More importantly, though, Abraham clearly hears the word of God, but we don’t, so it’s impossible for us to do what he did anyway. We don’t know exactly what God wants of us, we can only now try to work that out. Abraham’s example does nothing for us in terms of religious decision making because he didn’t have any decision to make, whereas we do. Abraham’s narrative is one of direct transmission of law, whereas we have to work out law in our lives.
The absence of a bat kol, a heavenly voice that instructs us, is profoundly important for us today because it places Judaism in our hands, not in the hands of a Divine authority. The priests used to be the intermediaries between humanity and God through sacrifice, then the Rabbis were through study and prayer. The tiered structure of authority helped to instill fear and obedience, which is reflected in our liturgy that aims at Divine appeasement. Now, though, a Rabbi is an authority only in the sense of learning and guidance. As Enlightenment values made their way into the Jewish community, and as legal authority was transferred to the state, halakhah, Jewish law, lost any meaningful legal status. Now, more than ever, authority is in our hands. A famous story in Talmud understands this. When Rabbi Eliezer is arguing with the other Rabbis about a matter of law, a bat kol, a heavenly voice, interrupts and asks the Rabbis “Why do you disagree with Rabbi Eliezer, with whom the halakhah always agrees?” That should be the end of the argument, but it’s not. The Rabbis reply by quoting Scripture back at God – lo bashamayim hi, meaning, “It is not in heaven.” “Ein anu mashgichin b’vat kol - We do not pay heed to a Heavenly voice” because God has told us to follow the majority ruling.
Lo bashamayim hi. It is not in heaven. The story of the akeidah, the Binding of Isaac, very clearly places authority in the non-human realm, God instructs Abraham to offer up his son and Abraham is stopped from performing the same act by an angel who calls to him from heaven. It suggests that authority is from heaven. But the Rabbis turned that on its head, even in the face of a bat kol, a voice from heaven. They seized religious authority from the Divine realm and dragged it into the human realm. In so doing, they liberated Judaism from theocracy but at the same time they cemented their own interpretive authority. Nearly two thousand years later, Reform Judaism seized interpretive authority from that same Rabbinic elite and opened it up to the people. In so doing, they liberated Judaism from meritocracy but at the same time created a crisis of authority. With traditional authority gone and no-one to tell Jews that they have to observe festivals or come to services or keep kosher, there was no compulsion to act. Then, when they exercise their free will and choose to come back to services on Rosh Hashanah, they are read a Biblical story and are told that Judaism is epitomized by God telling us what to do, whether it’s something horrifying or not. The result of this is that when they leave the service, they feel inauthentic and less likely to return!

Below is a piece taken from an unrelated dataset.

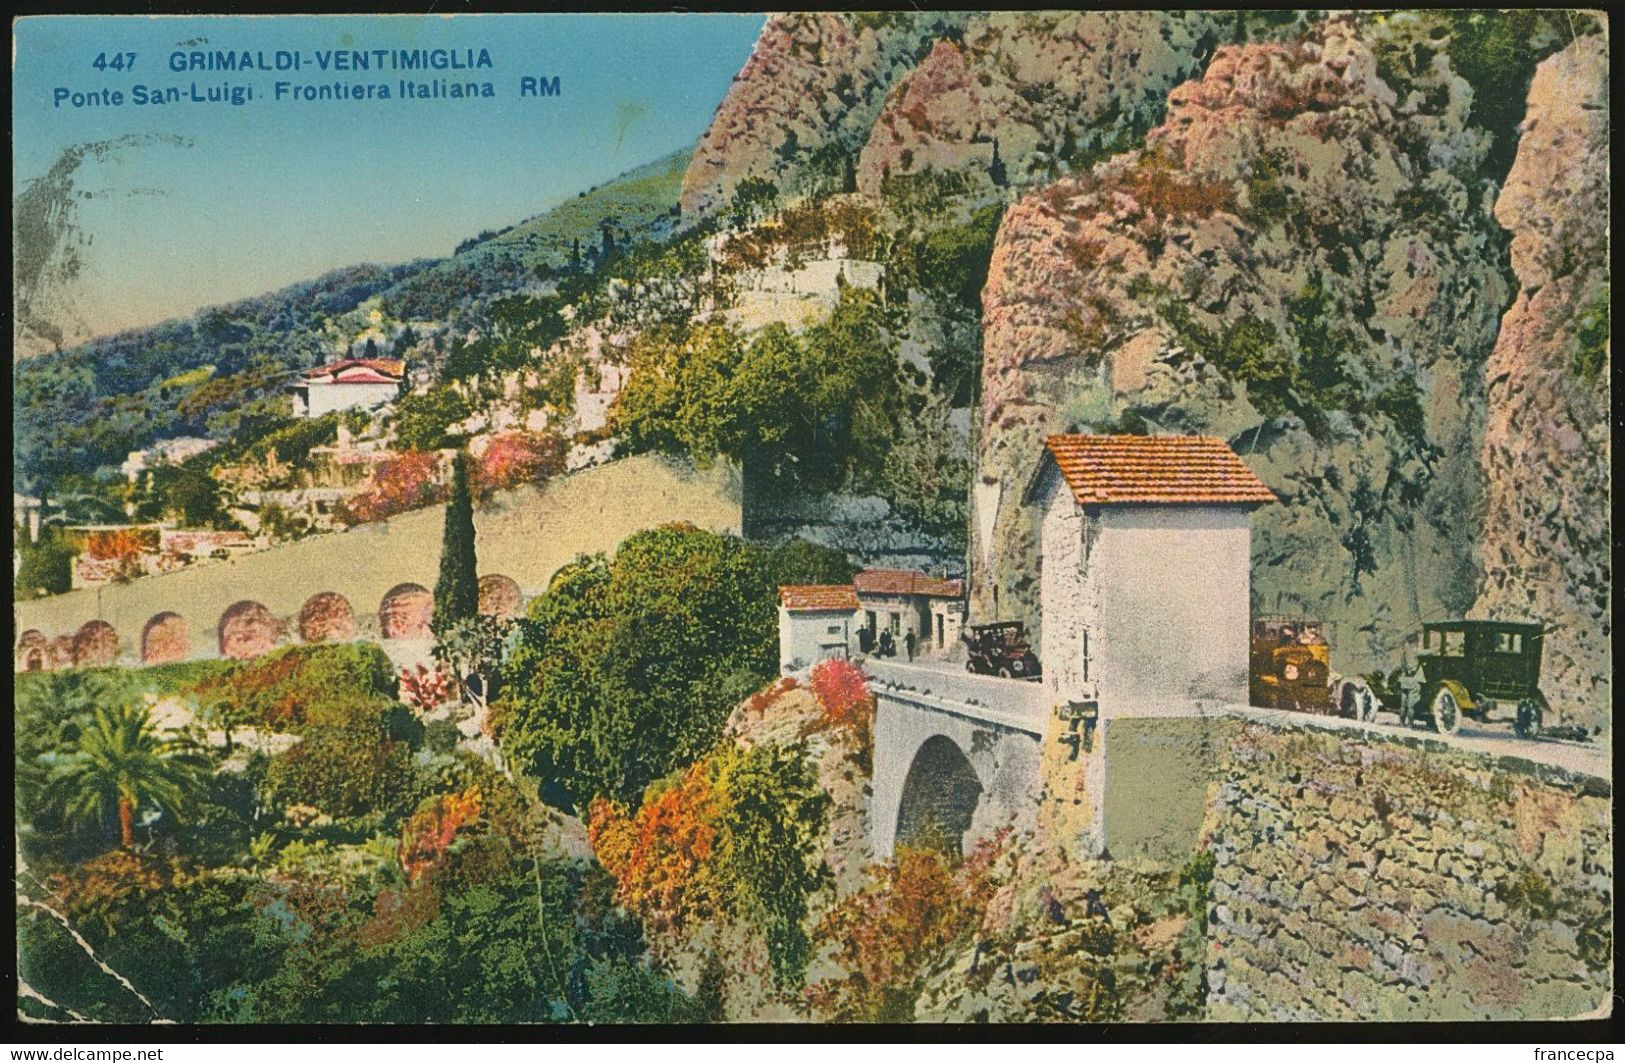 11339 - GRIMALDI-VENTIMIGLIA - Pont San-Luigi - Frontière Italiana - Douane

We therefore have to totally reread the story of the akeidah, and I think that’s not only possible, but essential, because I believe that the usual reading of Abraham’s unquestioning submission is a Rabbinic gloss. I don’t think that’s how the story was originally intended at all. To be clear, the Rabbis understood Isaac as being 39 years old and also submitting to the acts of his father. They read the story as hierarchical submission. I believe that the Rabbis’ reading of the akeidah as being about submission was a way to reinforce their authority and this is why this reading continues in non-Reform communities where the continuance of hierarchy is essential. I actually believe this reading is forced for the reasons I mentioned earlier – firstly, because Abraham doesn’t always do what God wants – indeed, also Moses, who is considered by Torah as the greatest prophet who ever lived, constantly argued with God - and secondly because it makes no sense to have a reading about total submission to God’s will on Rosh Hashanah. We don’t submit to God’s will, we struggle with God. Later in Genesis, Jacob wrestles with God, he struggles with God, he is renamed yisrael because of that struggle with God, and we are named after him. Judaism is not a religion of submission, but of struggle. So, then, if the akeidah was not intended as a story of submission and obedience, what was its message?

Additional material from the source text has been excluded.